Defending the agency’s position, U.S. Justice Department lawyer Liam Holland insisted the law’s soil-fertility requirements only apply to crops grown in dirt.

“If it doesn’t have soil, then there’s no applicability of the soil standards,” Holland said.

Because the OFPA does not explicitly ban hydroponics from organic certification, Holland said the USDA had every right to deny a petition seeking to exclude non-soil-grown crops.

Representing the petitioners, attorney Sylvia Shih-Yau Wu said the question is not whether the law prohibits hydroponic crops, but rather what standards Congress intended to impose on growers when it passed the law 30 years ago.

She noted that Vermont Senator Patrick Leahy, who introduced the OFPA in 1990, sent a letter to the USDA in 2016 urging the agency to expel hydroponics from the organic label. Leahy stated that “[f]armers who have advised me since before I wrote [OFPA] see soil as fundamental to organics.”

In 2010, the National Organics Safety Board, a 15-member group that helps develop standards for organic production, recommended that hydroponics be disqualified from obtaining organic certification.

The board stated that the statutory framework makes clear that “systems of crop production that eliminate soil from the system, such as hydroponics or aeroponics, can not be considered as examples of acceptable organic farming practices.”

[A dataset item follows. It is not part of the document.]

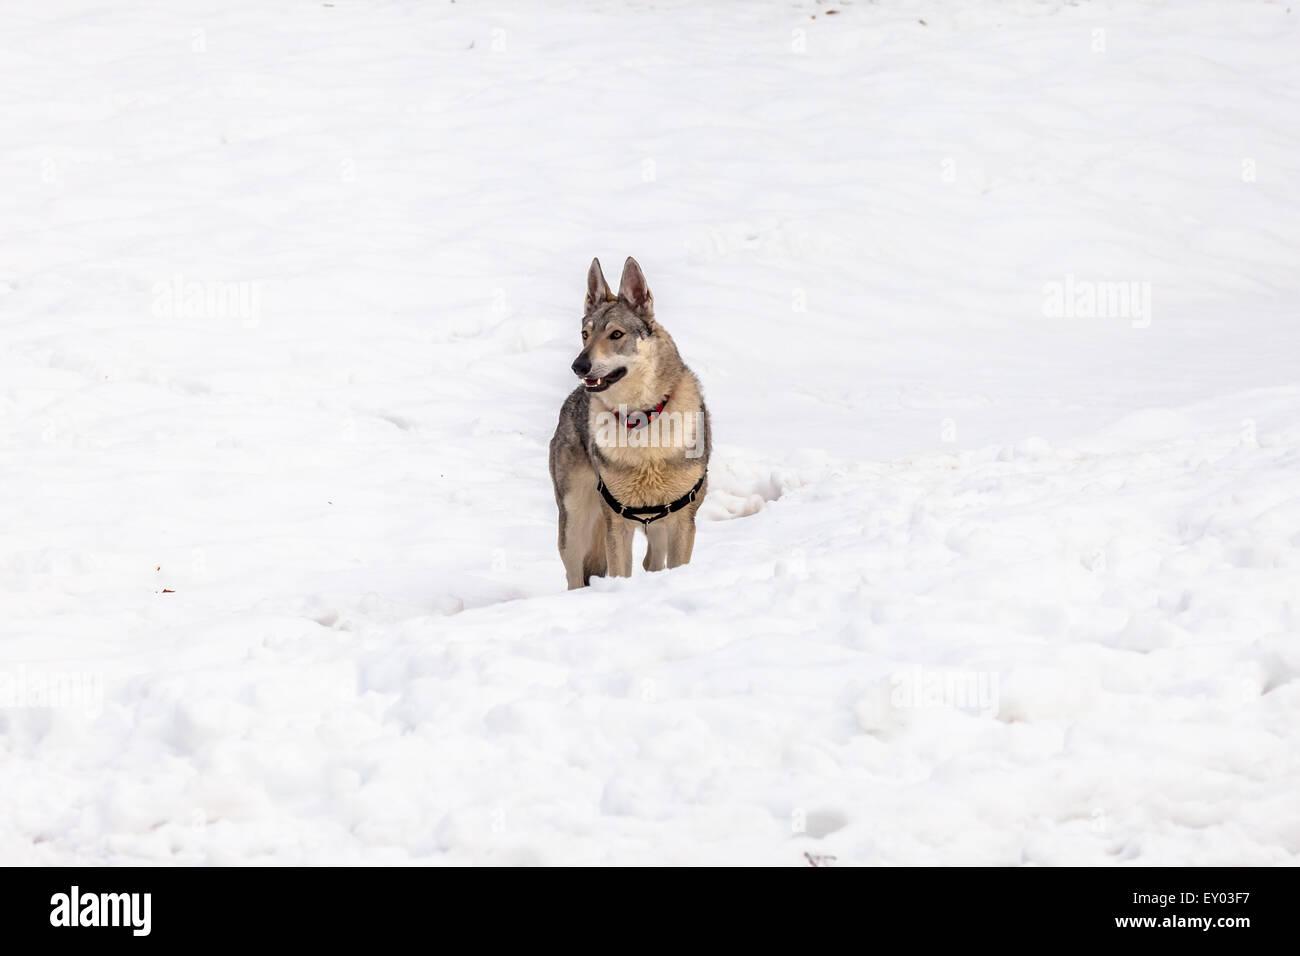 Czechoslovakian wolf dog - Stock Image

In 2016, two of three subcommittees formed as part of a Hydroponic Task Force to review organic certification rules found non-soil-grown crops did not meet the law’s soil-fertility requirements. One of the two subcommittees recommended that a limited subset of hydroponic producers be eligible for organic certification. The other advocated an outright ban.

Wu said the USDA was “repeatedly told” by these groups that hydroponic operations could not meet the legal requirements for organic certification, yet it chose to do nothing.

The USDA maintains the soil-production standards only apply to farmers who grow their crops in soil.

Citing the Supreme Court’s 2007 ruling in Massachusetts v. EPA, Holland said the court’s role is “extremely limited and highly deferential” to the agency’s decision in a case challenging the denial of a petition for rulemaking.

Seeborg agreed that if the 2007 decision applies, it would make it harder for the petitioners to prevail in their lawsuit.

“If Massachusetts v. EPA is our guide here, the language of that case is extreme deference,” Seeborg said.

Wu countered that the precedent established by that 2007 decision only applies when the agency’s decision is based on technical or scientific expertise, not statutory interpretation.

“This isn’t a ‘deference on steroids case,’” Wu said. “This is an [Administrative Procedure Act] ‘contrary to law’ case.”

“To be upheld, the denial has to be reasonable based on the facts before it and be compliant with the law,” she added.

Despite her impassioned pleas, Seeborg appeared poised to rule in the USDA’s favor and find that hydroponically grown crops can be labeled “organic.”

“None of the provisions you point me to reflect some notion that it’s intended to exclude other forms of production,” the judge said.

After about an hour of debate, Seeborg took the arguments under submission.